[RESPONDED] SSD Does not Wake up After Suspend - AMD

Ablomme · January 30, 2024, 8:05am

Hi everyone,

I have been facing a weird issue ever since I got my laptop where occasionally waking up from suspend will not properly wake up the SSD.
This causes the filesystem to become read-only, the DE will start showing visual bugs, programs will not run, and shutting down will not work: you will have to hard reset.

I am running Arch with kernel 6.7.2, BIOS 3.0.3.
My SSD in the SK Hynix P41 Platinum.

I’m not sure if this issue is specific to framework, or if it’s an issue with my SSD. I would like to know if anyone else is also facing similar issues.

The weird thing is that this issue does not happen consistently: suspend works the vast majority of times.

journalctl only displays the following entry:

Jan 29 12:04:58 PC systemd-sleep[7851]: Performing sleep operation ‘suspend’…

This is the last entry from the boot, so obviously logs are missing since the SSD is not operational until I reset.

I have found a similar post here in 2022 which I believe is the same issue, but occurring on a Sabrent SSD and Intel 11th gen: [TRACKING] Resuming from deep sleep fails on Linux (SSD unresponsive?)

Additionally, I have found a solution on the Arch wiki about what I believe is the same problem: Solid state drive/NVMe - ArchWiki

Which says to add

amd_iommu=off

to the kernel parameters.

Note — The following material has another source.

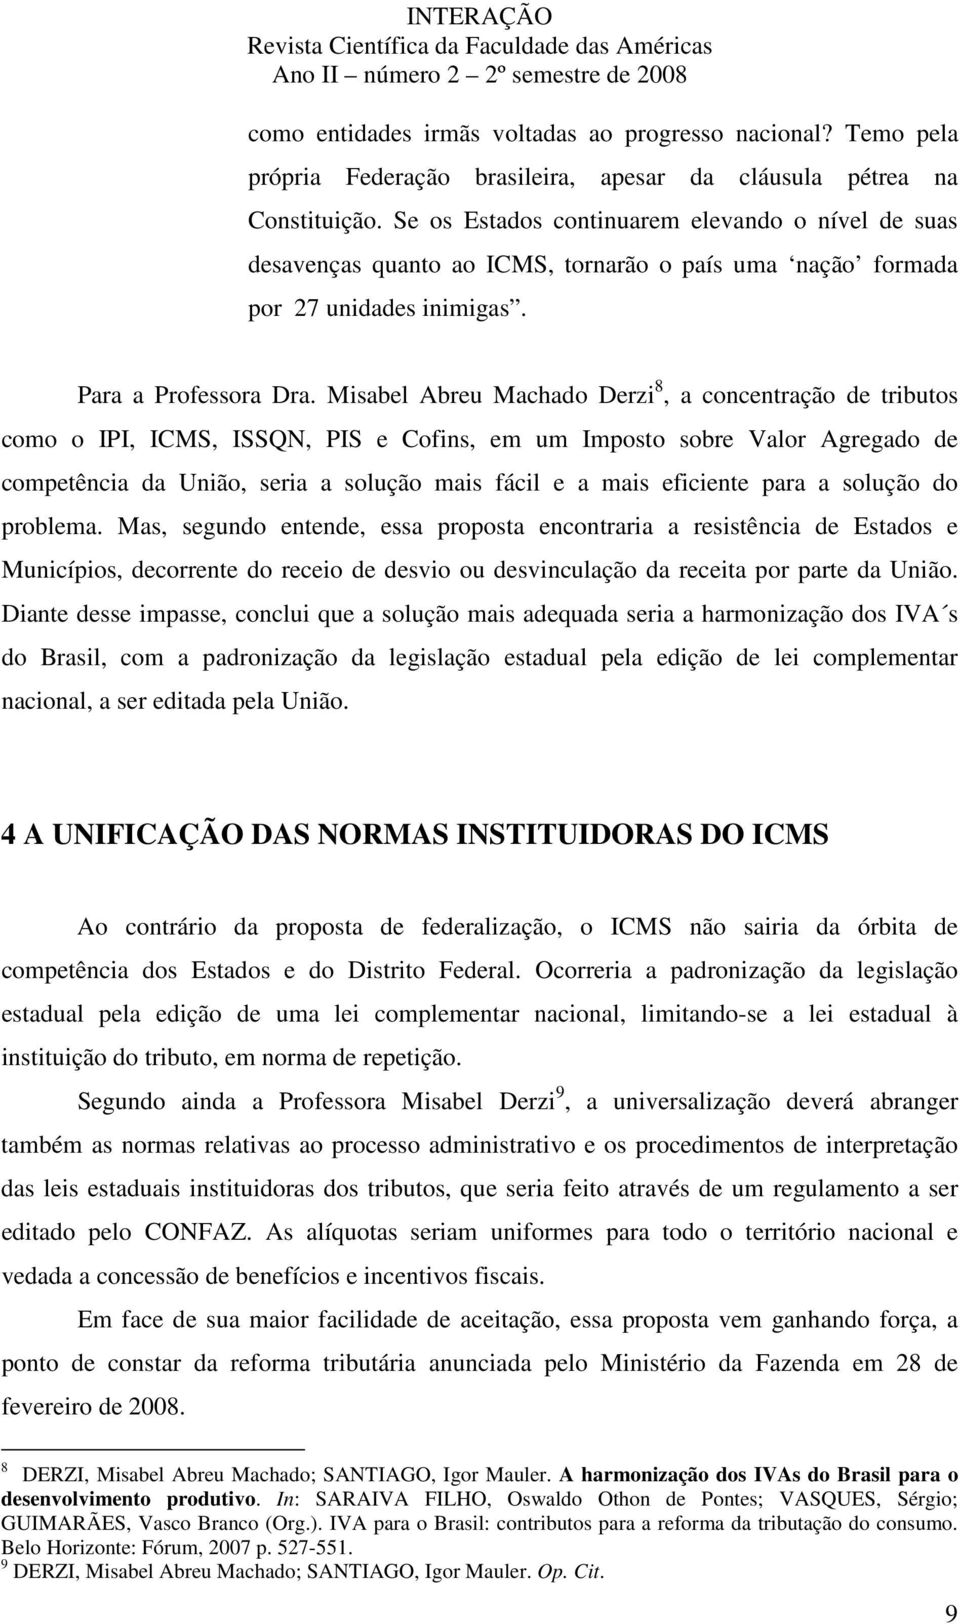 Misabel Abreu Machado Derzi 8, a concentração de tributos como o IPI, ICMS, ISSQN, PIS e Cofins, em um Imposto sobre Valor Agregado de competência da União, seria a solução mais fácil e a mais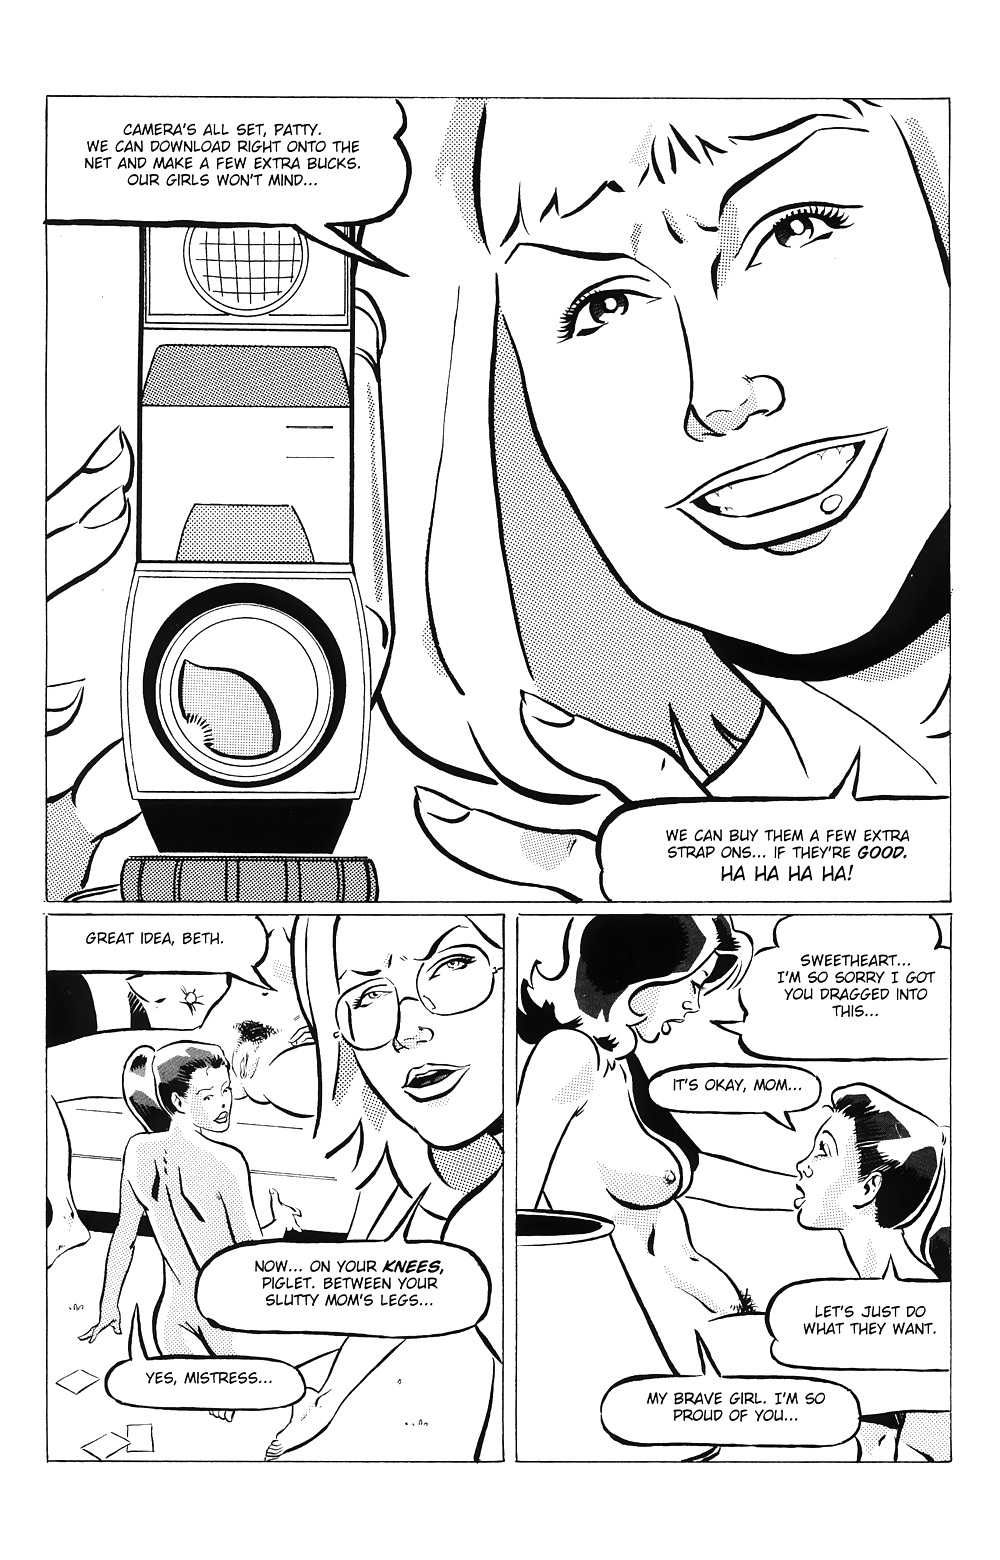 Hausfrauen Am Spiel # 04 Special - Eros-Comics Von Rebecca #24141393

I know there have been some issues with iommu, so I will be doing this and I’ll report back if it is still happening. I am just creating this post to see if anyone else is experiencing similar issues.

Matt_Hartley · January 30, 2024, 11:28pm

We have not actively tested this against Arch, however, most Arch threads dealing with kernel issues seem to land on this - use linux-lts.

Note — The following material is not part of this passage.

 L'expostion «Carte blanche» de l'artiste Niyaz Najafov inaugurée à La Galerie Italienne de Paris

See if it happens there as well.

lbkNhubert · January 31, 2024, 1:56am

Same drive, arch on 11th gen intel, kernel 6.7.2-arch1-1, kernel parameter (apparently not to be used on AMD) nvme.noacpi=1, no issues. So this seems possibly to be AMD and distro related.

jared_kidd · January 31, 2024, 4:58am

Arch is also my preferred Linux distro and I really hope we don’t have similar issues on the 16. I’d much rather Framework fix buggy firmware instead of having to work around them with kernel options and module blacklisting.

That said, one of the reasons more popular distros like Ubuntu appear to work better is because they include a vast majority of these buggy firmware workarounds out of the gate. Take a look at all the modules blacklisted by default on an Ubuntu system for example.

I wish Framework tested on the more “pure” distros like (Debian, Arch, etc) so that potential issues aren’t hidden with existing workarounds.

GhostLegion · January 31, 2024, 3:17pm

There’s always Fedora, my understanding is they have pretty strict guidelines on what can be included out of the box

Mario_Limonciello · January 31, 2024, 3:43pm

I think you need to find out what kernel messages are coming up when this happens to confirm what’s going on.

You can try to run dmesg -w in a terminal window while you suspend. Then when you wake up again hopefully the messages you need to see will be visible even if the disk didn’t come back.

If you haven’t looked already, see if your SSD has a firmware update available. Unfortunately most SSD manufacturers don’t publish their updates to LVFS, so you might need to update it under Windows or with their proprietary tooling.

With framework 13 AMD? I suggest you guys compare ssd firmware versions.

GhostLegion · January 31, 2024, 3:46pm

Funny, I don’t know how I missed that in the title. I’ll be deleting my earlier post now.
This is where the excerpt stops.